One of the first things that became apparent while reading Yvonne Vera’s The Stone Virgins was a gentle spiraling, a contracting of the scope of the novel, from the streets of Bulawayo to the small village of Kezi via the local gathering place Thandabantu; from Thenjiwe and her unnamed lover to her sister Nonceba; contracting into a pinpoint during the murder of Thenjiwe and the rape and mutilation of Nonceba. Flowing with the narrative are lyrical descriptions of the landscape and the “intoxicating scent of marula seeds falling everywhere,” all welcoming the reader into the heart of Zimbabwe.
Every aspect of the narrative, every description, serves a purpose further in the novel. Whether it is seeds or the color of the flowers or the dust that rises or “ancient mounds, perforated humps of hardened soil that water cannot melt,” which gives way to “the mud, dead, dried, red.” Vera connects the reader to the land and its people through these vivid descriptions, drawing them under the thatched roofs, into the smells and society of a land at war, yet teaming with the mundane and ordinary tasks of many.
Directly before and after the life changing events thrust upon the sisters, Vera connects the before and the after by using nature. At the end of Chapter 4, “a breeze stirs the air. The women love this shade as cool as water could be,” and at the beginning of Chapter 16, after the brutality has passed, we return to “the marula fruit…she inhales the tranquil and intoxicating smell of this tree…the shade of the mphafa tree where Nonceba sits is a refreshing island of cool air.” There are multiple examples of how the story folds back on itself, drawing the strings tighter, connecting the reader from one point to the next. Yet this time, she begins expanding the novel’s scope once more.
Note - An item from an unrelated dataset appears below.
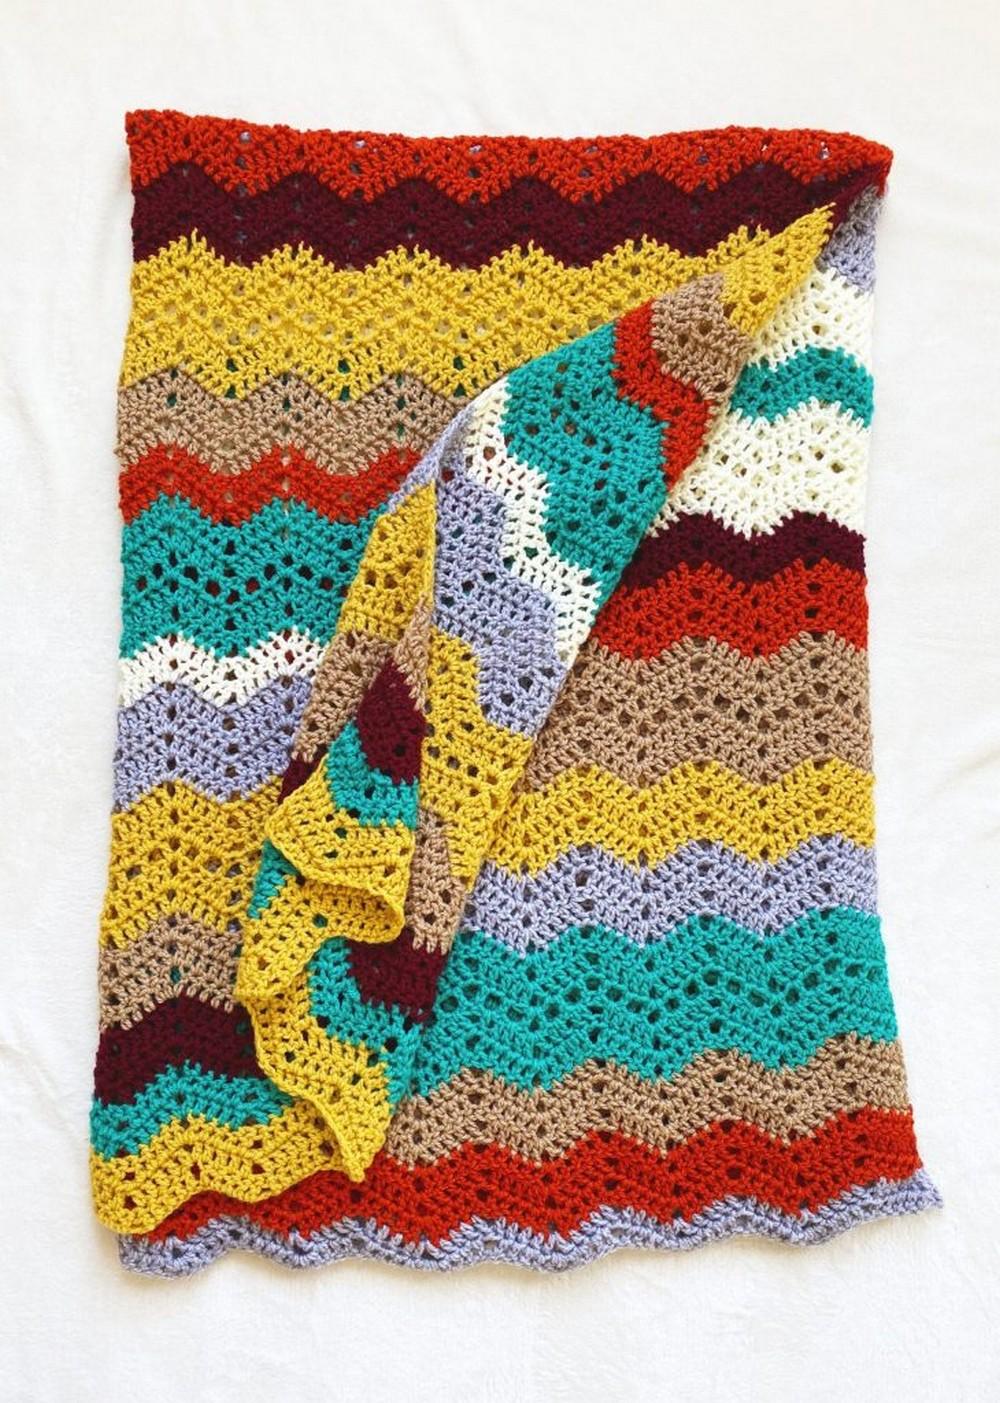 Multi-coloured Crochet Chevron Throw Blanket Pattern

It is not as though time flows backwards, but it is as though the bus we took into Kezi is now returning to Bulawayo. The loving and carefree Thenjiwe is dead. Her anonymous lover has been named–Cephas Dube. The Thandabantu has been burned, its owner murdered, and we return with Nonceba and Cephas to the streets of Bulawayo, from the quiet, stony countryside to the din of the city, and the spiral widens.
Although lyrical, the writing is also abstract. It is not only about the two sisters, the two towns, the people, it also about the land, and how it remains, how the flowers still bloom, even following adversity, like the sister Nonceba. It is as though the sisters are Zimbabwe. On one hand, murdered, mutilated, the blood red of the hibiscus, like blood running in the streets. Yet, there is life, there is renewal, there is sunshine and daisies, and as the last word of the novel states–deliverance.
I believe in order to catch the full fragrance of this novel, it would have to be read again and again. It would have to be contemplated sentence by sentence. One would have to imagine the exact sweetness of the seed of the Mazhanje, the smell of the marula, the feel of the stones beneath our hands, a lover who claims, “When I am not touching you, I am nothing,” the sharp steel of the flashing razor cutting our lips from our faces, to “know every grasshopper and every blade of grass of Kezi…” To know all of these things, to integrate them into our senses without having traveled the dusty road from Bulawayo to Kezi, would be to understand that “time is as necessary for remembering as it is for forgetting. Even the smallest embrace of pain needs time larger than a pause; the greatest pause requires an eternity; an eternity can exist without human presence.” And so shall the land remain.